# Bristlenose Pleco with white patches that fade in/out over time



## eklikewhoa (Aug 29, 2006)

I've seen my BN do that and it seems to be all mood dependent.


----------



## TheNailman (Feb 3, 2011)

same. mood or stress perhaps?


----------



## cHiBi_sCeNe (May 22, 2011)

Mine does that too. It is nothing at all to worry about. It is just normal colors that come and go depending on the mood of the fish. I have a bristlenose exactly like yours,
and as long as there is no itching (rubbing on tank objects), and the water quality is good then there is nothing to worry about.


----------



## WhiskeyD (May 10, 2009)

It could very well be stress related. Sometimes they seem to flare up after a water change. I don't buffer this tank very much with crushed coral like I do my 180g so the pH drops from 7.0 out of the tap to about 6.6 in the tank. My water has 0 hardness out of the tap so without any CC buffering it, it crashes to a 5.8/6.0. I buffer my 180G so it stays at a constant 7.0 like the tap water but I found it was a lot trickier(?) to keep the 29G stable at 7.0 so I settled with just one tablespoon of CC which gave me a stable 6.6. If the spots are caused by stress, I bet it has to do with this. 

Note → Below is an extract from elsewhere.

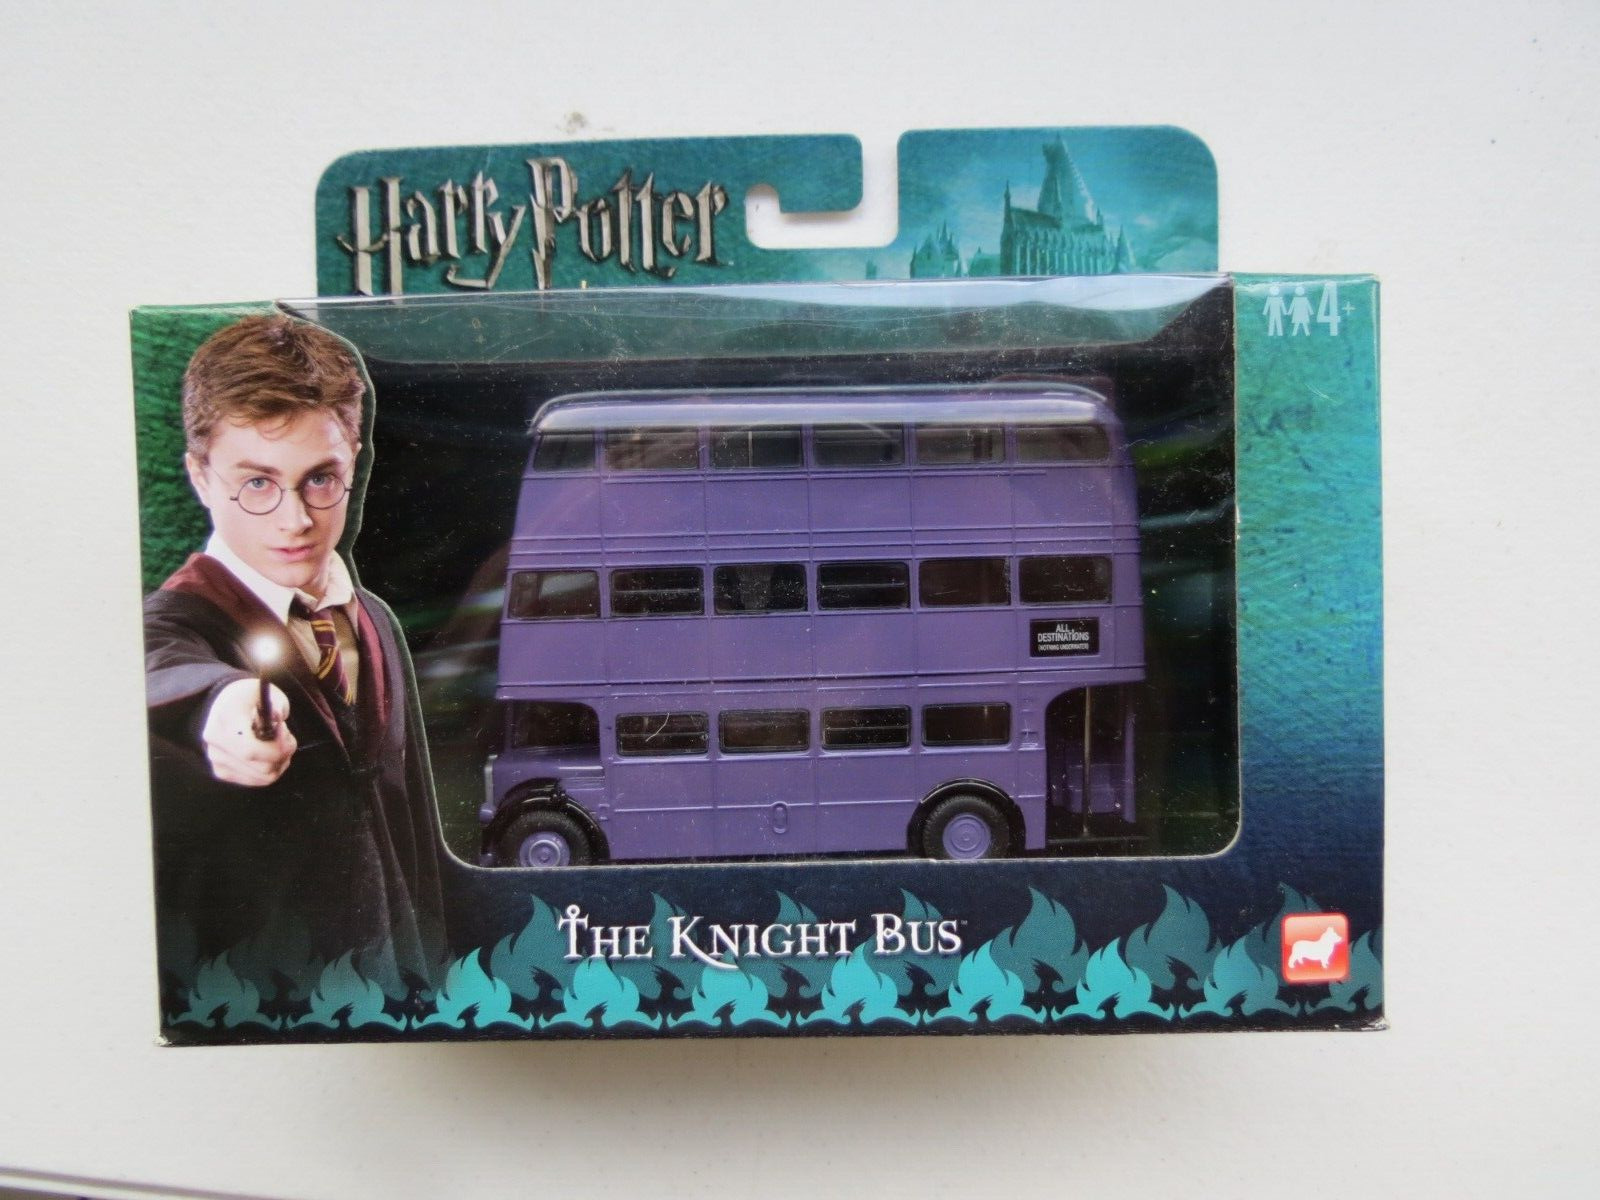 Harry Potter THE KNIGHT BUS Die-Cast Metal Collectable NEW Corgi US SELLER

Then again.... I only change the water every two weeks in this tank since it has a very low bio load with only 5 tetras, a guppy, and the pleco. So the pH swing doesn't happen very often, I would think if the spots were caused by the stress of a W/C they would disappear by the time the next W/C came around.


----------



## WhiskeyD (May 10, 2009)

cHiBi_sCeNe said:


> Mine does that too. It is nothing at all to worry about. It is just normal colors that come and go depending on the mood of the fish. I have a bristlenose exactly like yours,
> and as long as there is no itching (rubbing on tank objects), and the water quality is good then there is nothing to worry about.


Thats great to hear! He seems completely happy and never shows any sign of stress. He's actually quite aggressive when it comes to defending his algae wager :red_mouth He has much more of a personality than the females in my 180


----------



## cHiBi_sCeNe (May 22, 2011)

Ok. Glad I helped.
It should be fine to move him to the 180 with the females as long as they are all healthy.
Good luck.


----------



## WhiskeyD (May 10, 2009)

Anyone else ever experience this?


----------



## bpb (Mar 8, 2011)

Mine does that too. Seems to be when he is sleeping and then awoken or startled. His nose also tends to go from yellow, to normal color. Overall he changes color quite a bit.


----------



## StygianSteel (Apr 2, 2010)

BN Plecos have a mild camouflage ability and can change their color/pattern a bit. It's nothing to be concerned about at all. When I kept em they'd do this all the time. No need to worry about him spreading anything.


----------



## garfieldnfish (Sep 25, 2010)

Nothing to worry about, except when you put him in your 180 gal with 3 females expect to need another tank for the kids. And 3 females could wear him out, causing more stress and more patches. But I bet he will be a happy guy for a while.


----------